▶ **Exercise instructions**:
Below are some records. Print exactly the lines between the one holding "Environmentalist Opposition to" and the one holding "Nekkoto APK Download", inclusive, and nothing else.

▶ **Material provided**:
# # # #
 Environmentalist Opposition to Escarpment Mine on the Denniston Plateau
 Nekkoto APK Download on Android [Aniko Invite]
# # # #
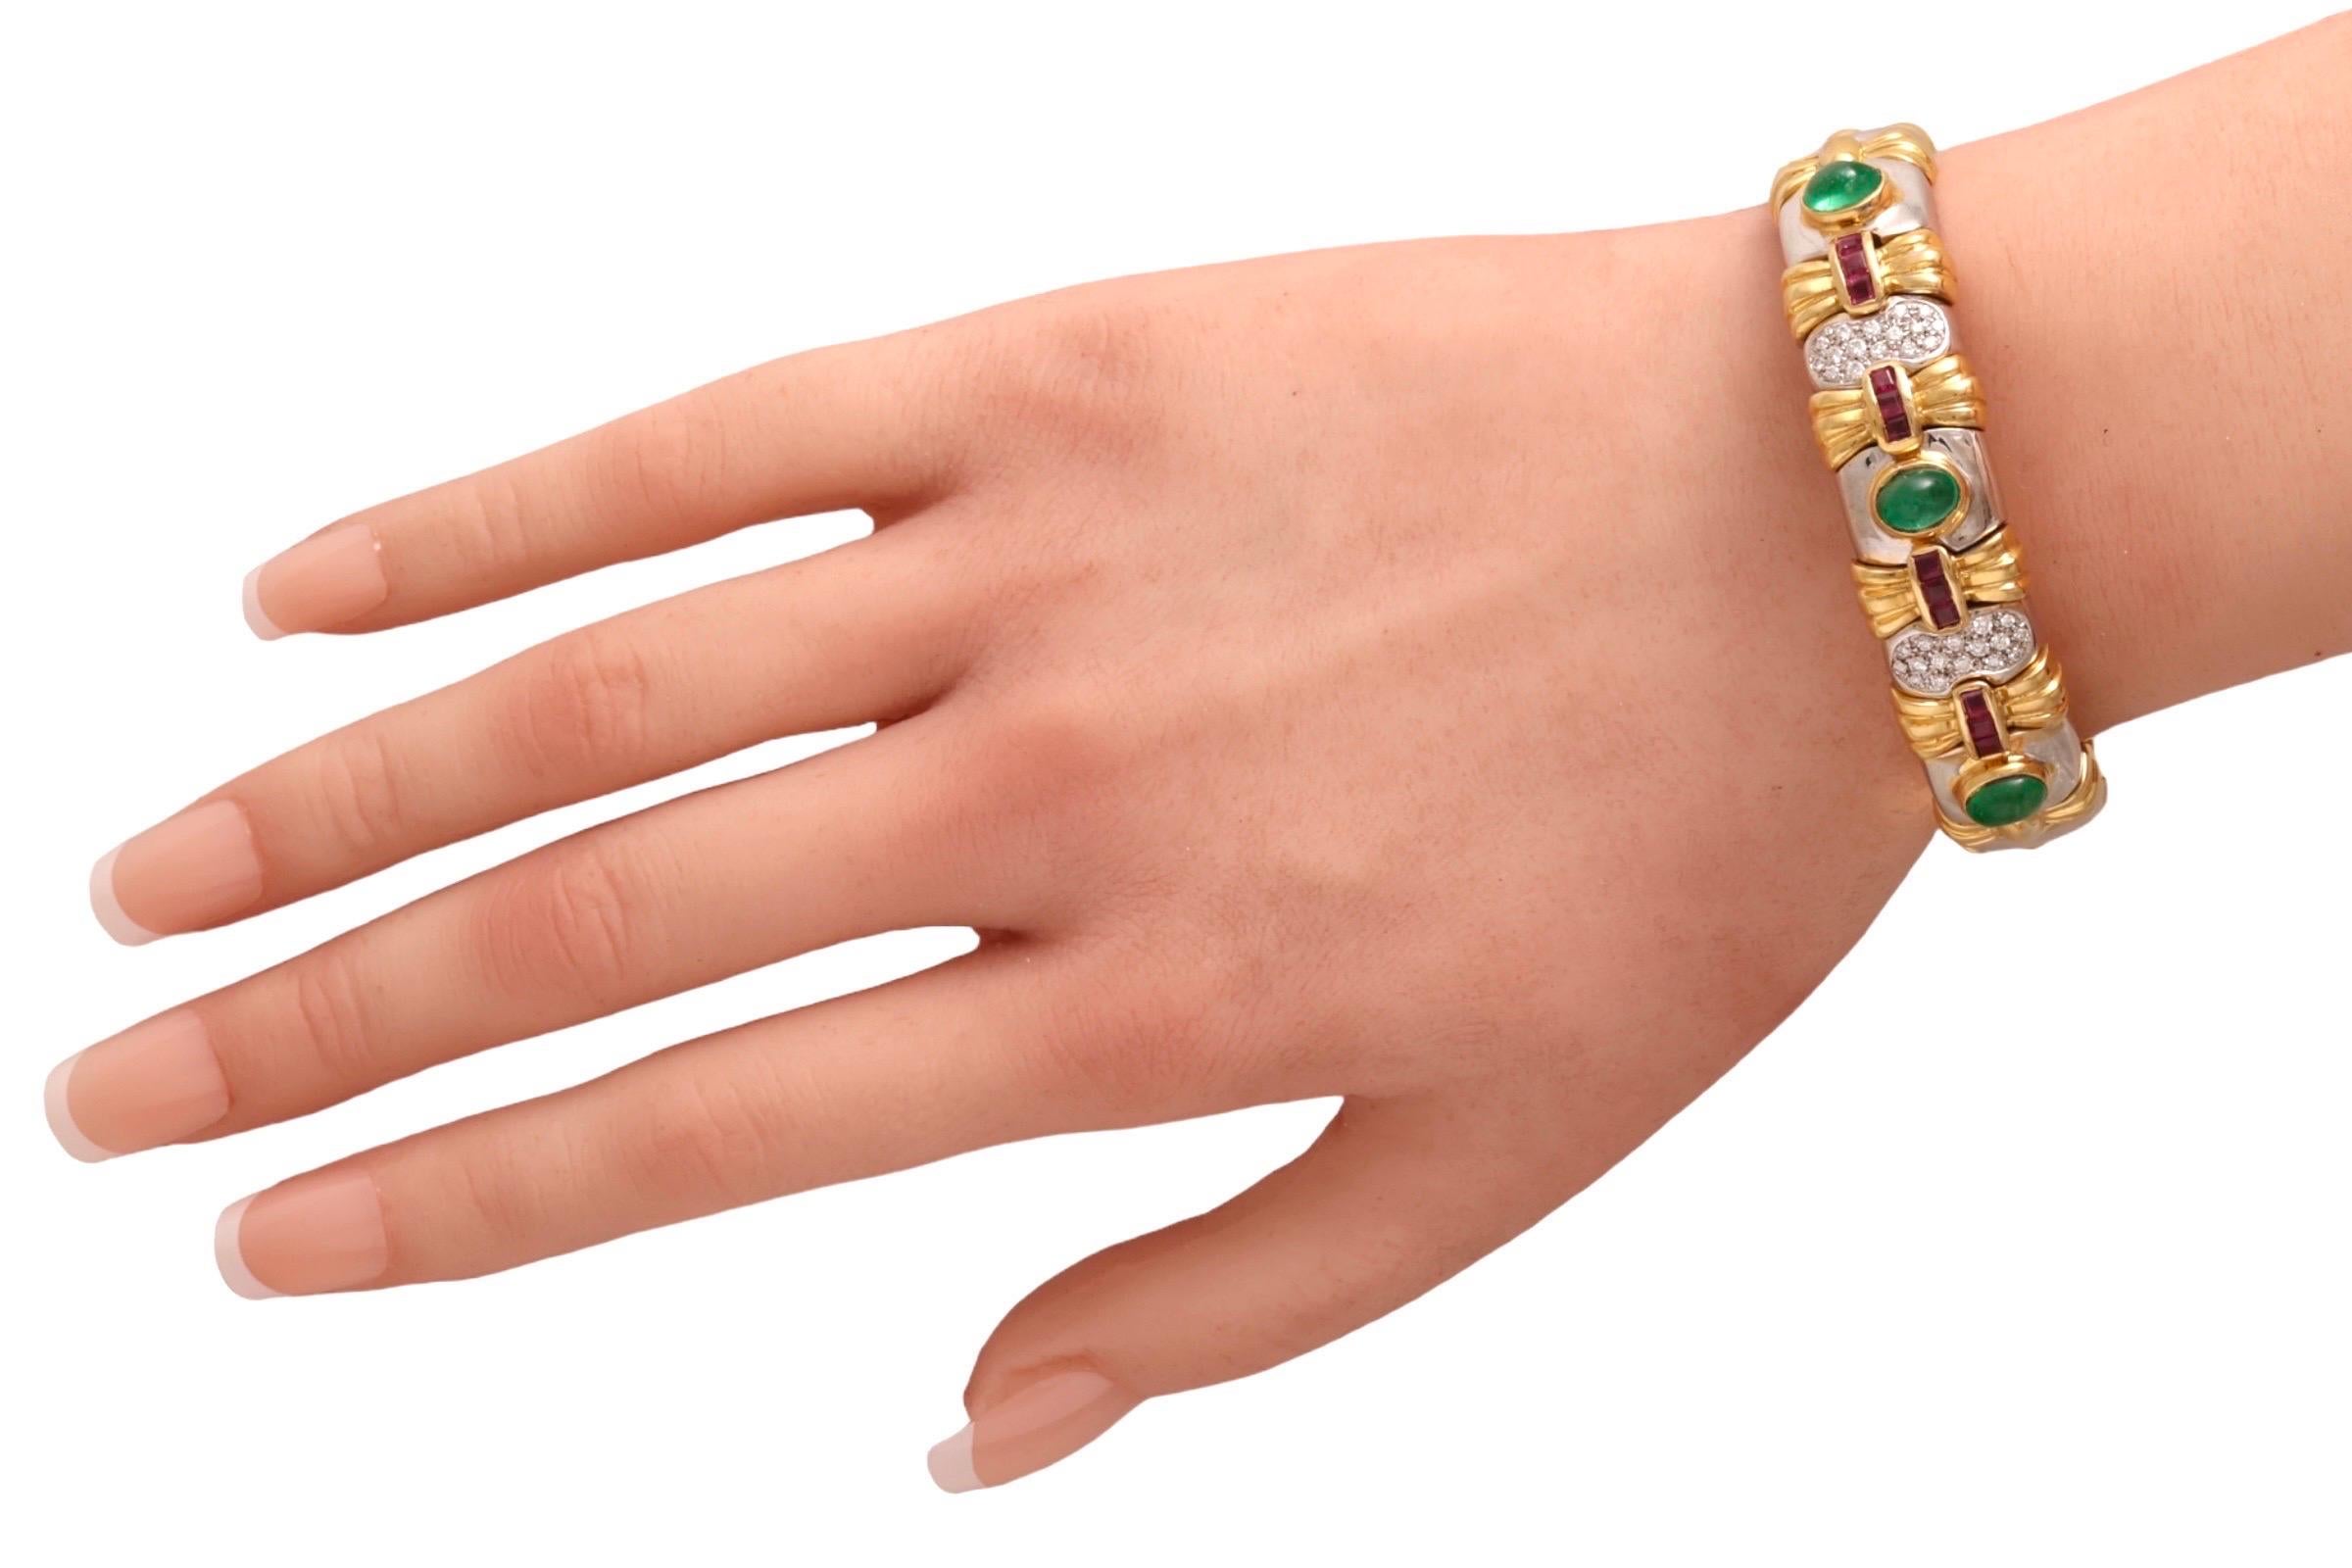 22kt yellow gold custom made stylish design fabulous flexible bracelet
# # # #
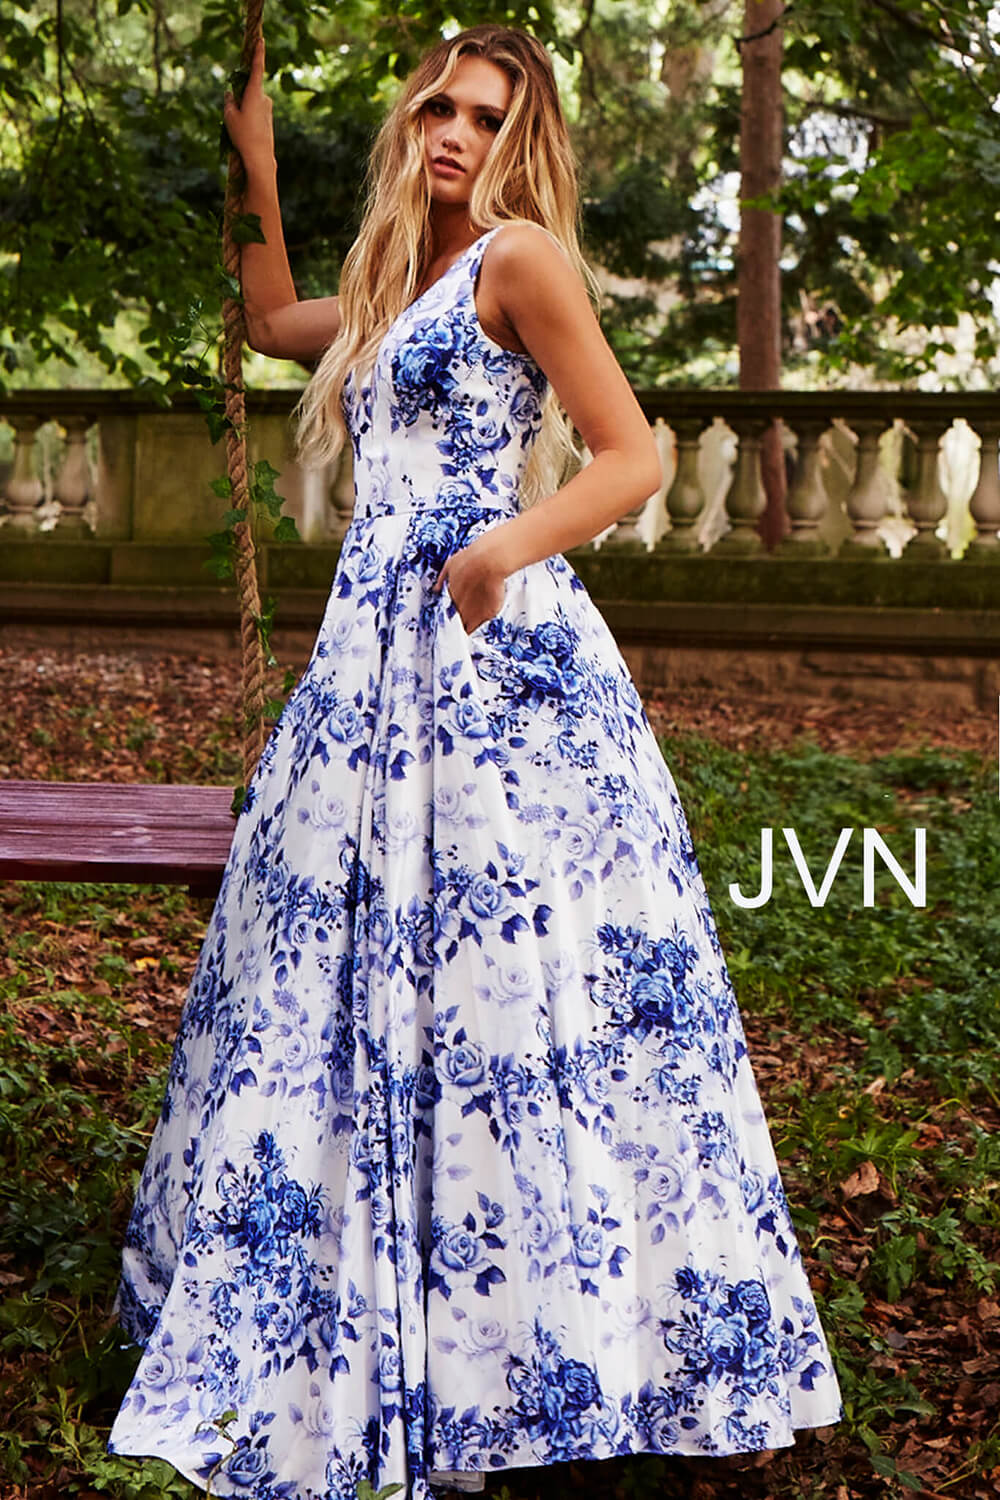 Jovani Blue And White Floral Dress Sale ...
# # # #
▶ **Solution to this exercise**:
 Environmentalist Opposition to Escarpment Mine on the Denniston Plateau
 Nekkoto APK Download on Android [Aniko Invite]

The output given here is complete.